WooCommerce Rest API "woocommerce_rest_cannot_create"

Question

I am trying to post a Product into WooCommerce Rest API using Postman and following is the Code generated in Javascript using Postman

var settings = {
  "async": true,
  "crossDomain": true,
  "url": "http://woocommerce.dev/wp-json/wc/v1/products",
  "method": "POST",
  "headers": {
    "content-type": "application/json",
    "authorization": "OAuth oauth_consumer_key=\\\"ck_da643d25cb86d32dcf1c4a684ba0fdad4acd67ce\\\",oauth_signature_method=\\\"HMAC-SHA1\\\",oauth_timestamp=\\\"1469615598\\\",oauth_nonce=\\\"oOOqcB\\\",oauth_version=\\\"1.0\\\",oauth_signature=\\\"jf%2FepKymwW9IFlv7fwHFTA3aNs8%3D\\\"",
    "cache-control": "no-cache",
    "postman-token": "2202e03b-243e-96c5-8e77-fcc8919aedbc"
  },
  "processData": false,
  "data": "{\n  \"name\": \"Premium Quality\",\n  \"type\": \"simple\",\n  \"regular_price\": \"21.99\",\n  \"description\": \"Pellentesque habitant morbi tristique senectus et netus et malesuada fames ac turpis egestas. Vestibulum tortor quam, feugiat vitae, ultricies eget, tempor sit amet, ante. Donec eu libero sit amet quam egestas semper. Aenean ultricies mi vitae est. Mauris placerat eleifend leo.\",\n  \"short_description\": \"Pellentesque habitant morbi tristique senectus et netus et malesuada fames ac turpis egestas.\",\n  \"categories\": [\n    {\n      \"id\": 9\n    },\n    {\n      \"id\": 14\n    }\n  ],\n  \"images\": [\n    {\n      \"src\": \"http://demo.woothemes.com/woocommerce/wp-content/uploads/sites/56/2013/06/T_2_front.jpg\",\n      \"position\": 0\n    },\n    {\n      \"src\": \"http://demo.woothemes.com/woocommerce/wp-content/uploads/sites/56/2013/06/T_2_back.jpg\",\n      \"position\": 1\n    }\n  ]\n}"
}

$.ajax(settings).done(function (response) {
  console.log(response);
});

In return, I'm getting following response with status 401 unauthorized

{
  "code": "woocommerce_rest_cannot_create",
  "message": "Sorry, you are not allowed to create resources.",
  "data": {
    "status": 401
  }
}

Whereas with same credentials I can successfully get data with GET method at the same endpoint to get all products

http://woocommerce.dev/wp-json/wc/v1/products

Furthermore, in WooCommerce I've already given read/write permission to the user of this credentials

Answer 1

This what helped me after all those advices up was to set in simple JWT module

Protect endpoints enabled No Yes* - SET FOR YES!!!!!!!!!

The endpoints will require a JWT in order to be accessed.

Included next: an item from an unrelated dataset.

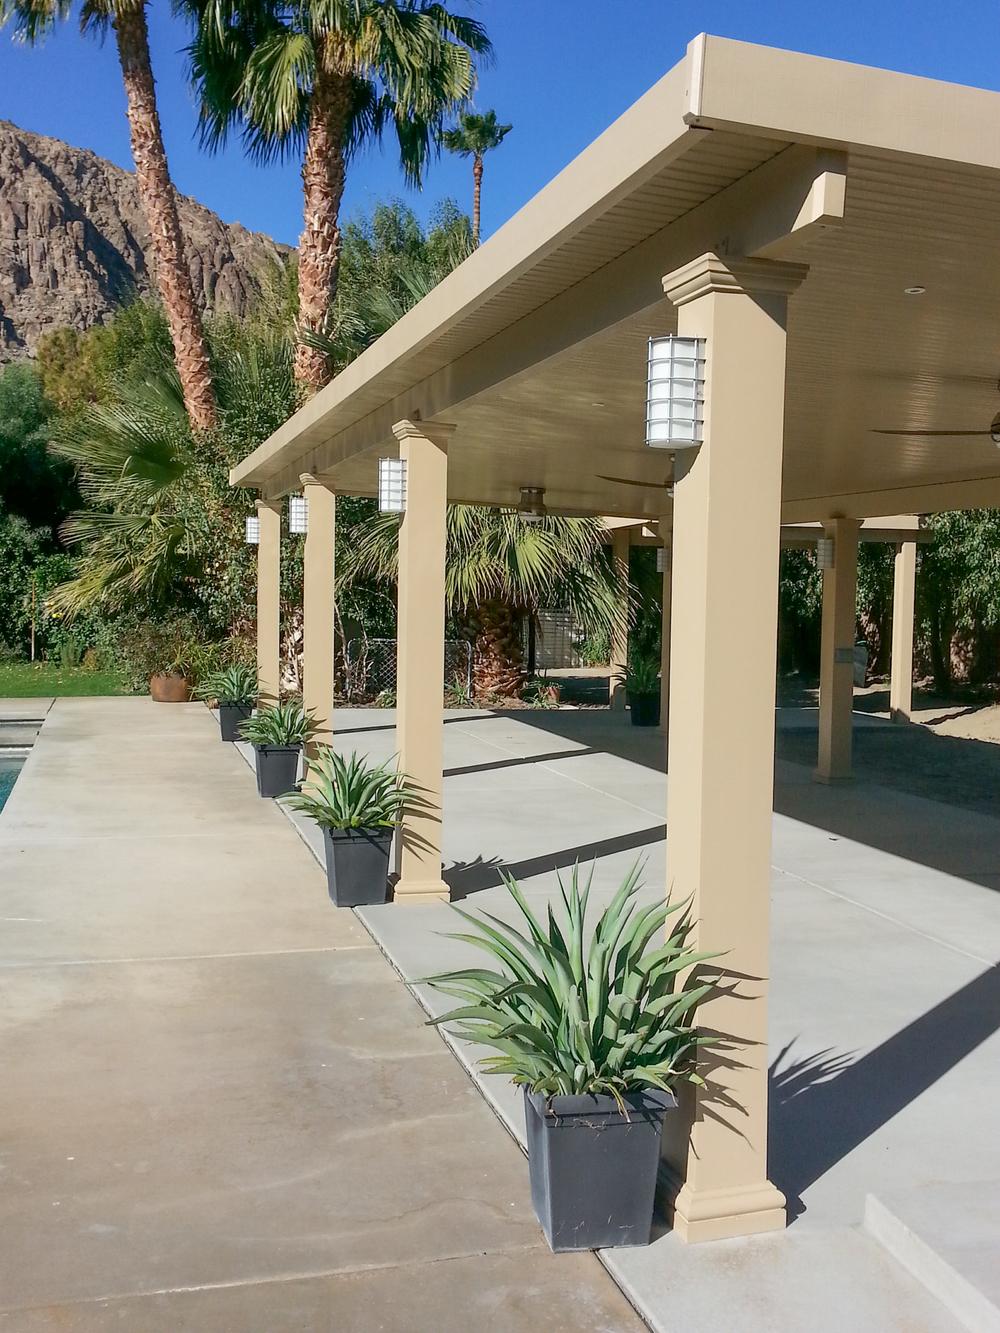 Custom Outdoor Lighting With 8 Inch Square Columns, La Quinta, CA

If no JWT is provided, rest endpoints will provide an error instead of the actual content.

Answer 2

Answer by @droa6 did not solve the issue for me

Running the endpoint through Postman showed that I had to use OAuth1.0 with for the request to work.

You can extrapolate to using the appropriate query string parameters for OAuth for your request

import axios from "axios"
import OAuth from "oauth"


const oauth = new OAuth({
  consumer: {
    key: process.env.NEXT_APP_WC_CONSUMER_KEY || "", // Replace with your WooCommerce consumer key
    secret: process.env.NEXT_APP_WC_CONSUMER_SECRET || "", // Replace with your WooCommerce consumer secret
  },
  signature_method: "HMAC-SHA1",
  hash_function(base_string, key) {
    return crypto.createHmac("sha1", key).update(base_string).digest("base64");
  },
});

await axios.post(
      `${process.env.NEXT_PUBLIC_WORDPRESS_URL}wp-json/wc/v3/orders`,
      req.body,
      {
        params: oauth.authorize({
          url: `${process.env.NEXT_PUBLIC_WORDPRESS_URL}wp-json/wc/v3/orders`,
          method: "POST",
        }),
        headers: {
          "Content-Type": "application/json",
        },
      }
    );

Answer 3

After almost 2 nights researching on this, it was related with this issue: https://github.com/WP-API/Basic-Auth/issues/35

Modify your .htaccess to make the Basic auth work, like this comment indicates: https://github.com/WP-API/Basic-Auth/issues/35#issuecomment-244001216

<IfModule mod_rewrite.c>
RewriteEngine On
RewriteRule .* - [E=HTTP_AUTHORIZATION:%{HTTP:Authorization}]
</IfModule>

The rule has to be the first rewrite rule in the block.